Simulation as a Research Tool • Experimental design • How was the “parameter space” explored? • Experimental design? • Random systems? • Worse case systems? • Standard problem library? • The importance of this depends on the way the simulation was used • If simulating to understand a system and gain insight, these issues become more important.
Simulation as a Research Tool • Output analysis • Were proper statistical procedures applied to the output? • e.g., confidence intervals • What is the variance around the average results?
Research in Simulation • Research into the various aspects of simulation mechanisms or conducting simulation studies • Generating random numbers • Generating random variates • Use of distributions in simulations • Dealing with extremely large simulation models • Optimization of systems using simulation • etc., … • See general topics for the WSC
Research in Simulation • Simulation optimization • The system of interest has a performance function f that transforms controllable system parameters into system performance. • The function f is unknown or computationally intractable. • Simulation is used to approximate f • How can simulation be used to optimize f subject to constraints and costs?

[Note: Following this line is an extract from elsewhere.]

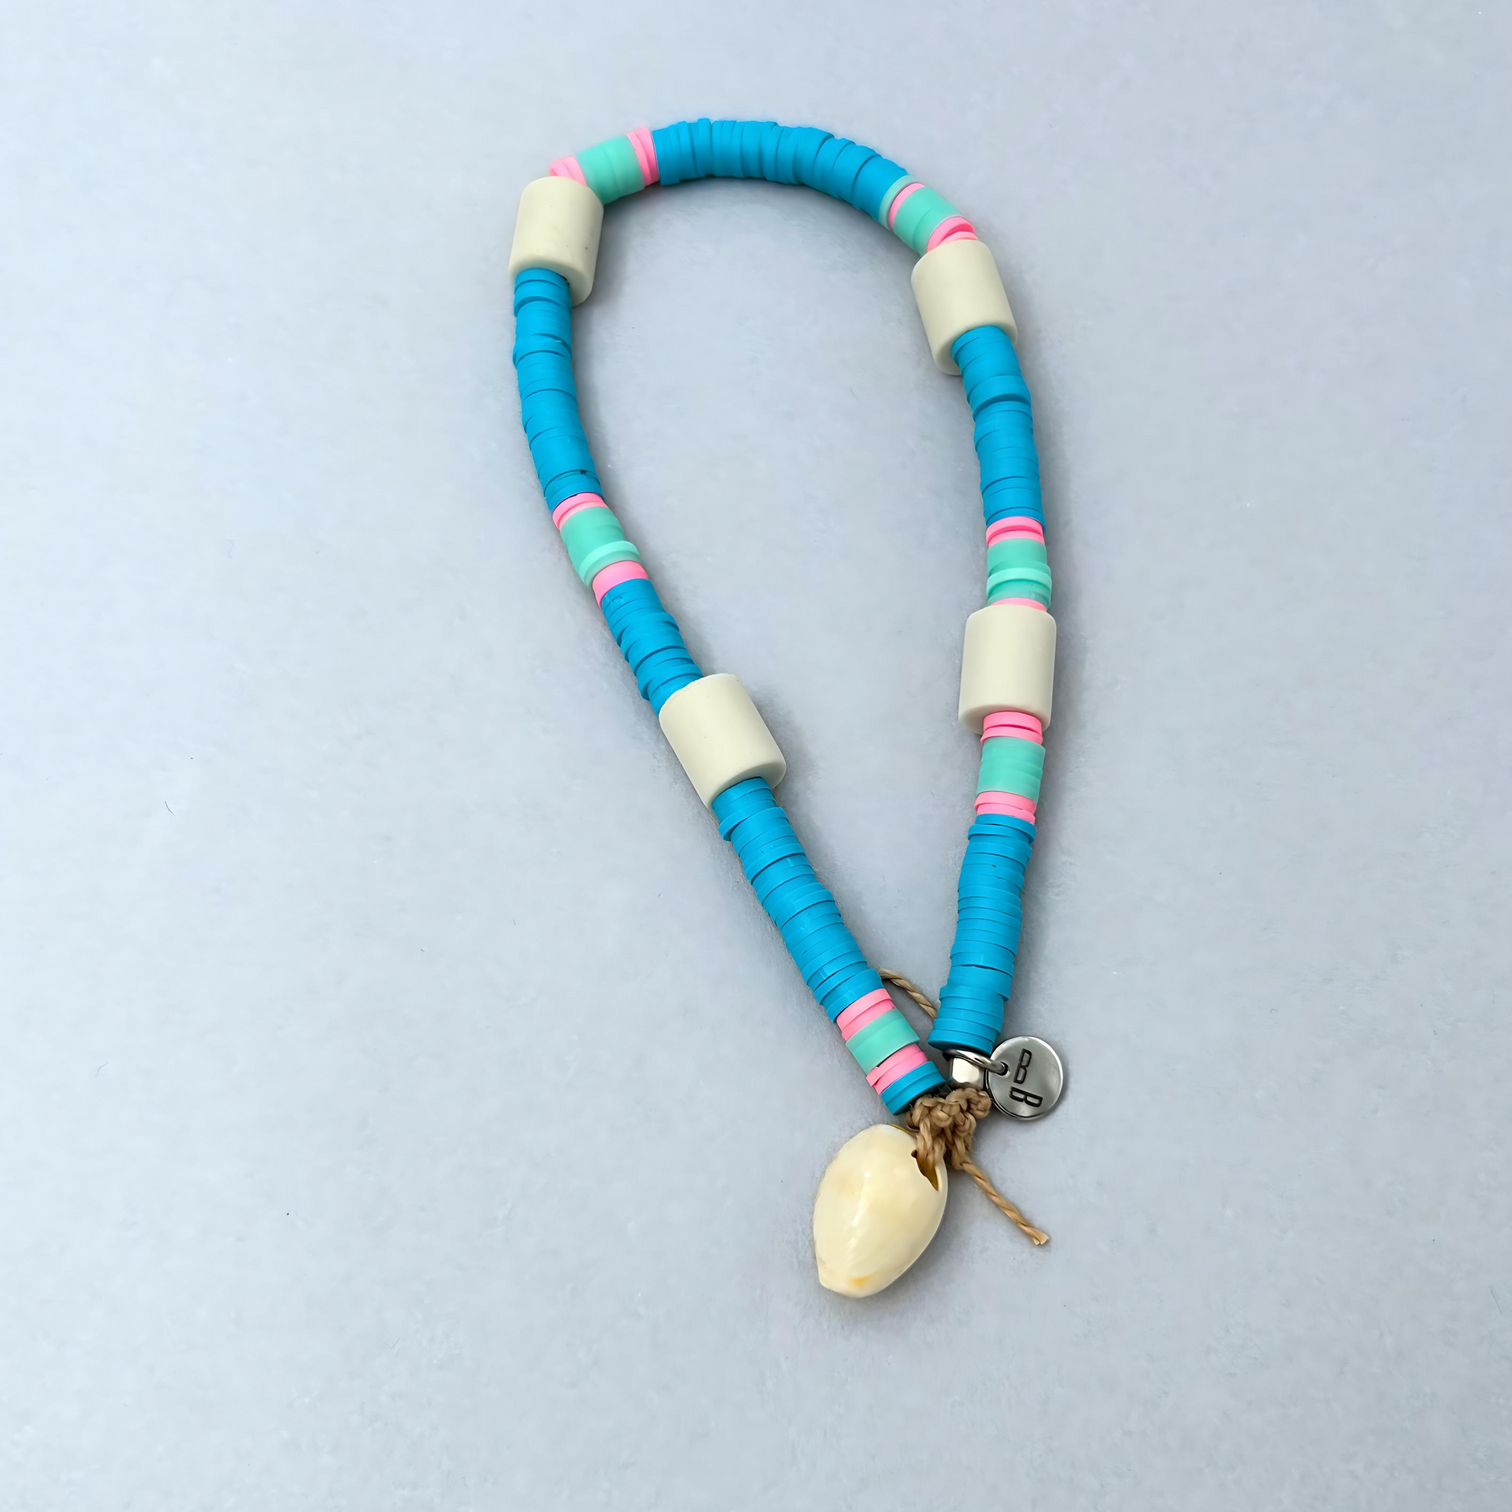 The cool surfer's look anti-tick dog necklace in Galaxiy Blue_wow by Le BijouBijou

Research in Simulation • Examples of simulation optimization research • Perturbation analysis • Use of global optimization heuristics (e.g., genetic algorithms) • Vergara paper.
Research in Simulation • Simulation modeling methodology • How can different systems be modeled? • Distributed/parallel simulation • Methods for verification/validation • Short cuts/approximations • Where is the Sharma paper ?
Conclusions • Many of the items discussed today are things to look for when evaluating research and when conducting research. • Often the importance of each item will depend on the circumstances, the existing body of research, and the objectives of the research.